# Hoarding toys



## Braccarius (Sep 8, 2008)

Sounds as though he's collecting his resources. How is he with other dogs at the shelter other than his brother with the toys? How is he about eating?

On a side note.. you can always advertise him as "cleans up after himself"


----------



## Megora (Jun 7, 2010)

I wonder if it's some kind of herding breed glitch?


----------



## jackie_hubert (Jun 2, 2010)

Braccarius said:


> Sounds as though he's collecting his resources. How is he with other dogs at the shelter other than his brother with the toys? How is he about eating?
> 
> On a side note.. you can always advertise him as "cleans up after himself"
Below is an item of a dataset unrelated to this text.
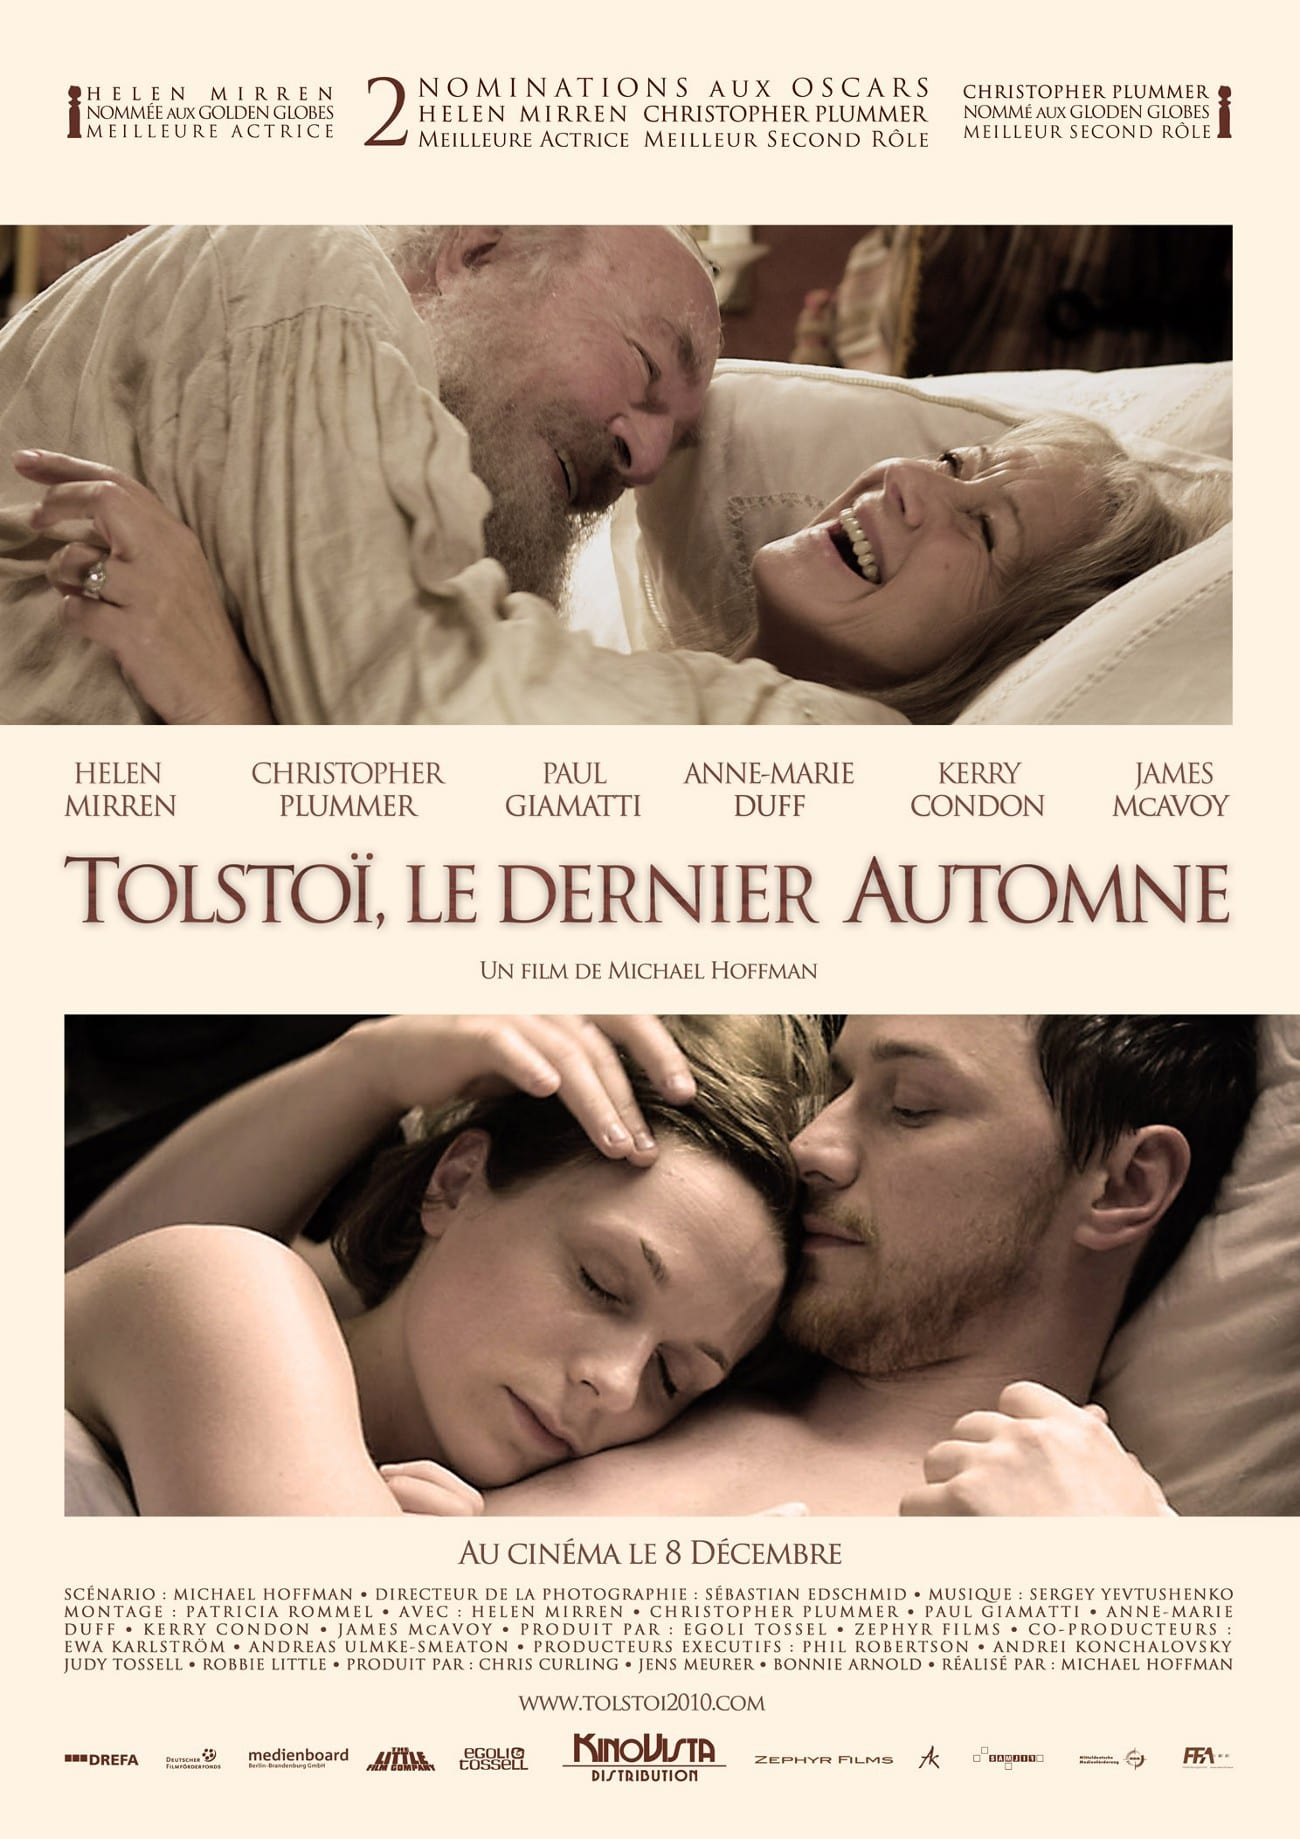 affiche du film Tolstoï, le dernier automne

We have not had other dogs (other than his brother) near his resources so I can't say. We have had a couple of dogs (one puppy, one adult) in there to see how they are with other dogs. He was ok with the adult but he incessently humps and sits on the puppy (the puppy is slightly smaller and younger). We separated them.


----------



## jackie_hubert (Jun 2, 2010)

Megora said:


> I wonder if it's some kind of herding breed glitch?


I wondered this too, especially since I red on the Aussie Sheph forum that a lot of those dogs do the same thing.


----------



## Megora (Jun 7, 2010)

jackie_hubert said:


> I wondered this too, especially since I red on the Aussie Sheph forum that a lot of those dogs do the same thing.


With our collie, his way of playing with his favorite toys is "collecting them" in his safe place (the couch or his crate). That's just 1 or 2 very special toys - particularly the one and only toy he brought with him from his old home. 

That why I think if this puppy is collecting all the toys and stashing them in his safe place, it could be a normal herding dog behavior. And some of it could be a slight glitch from being out and feral with his mom or whatever. He could have learned hoarding from her, I guess. 

I'm glad the little guy is in a safe place<:


----------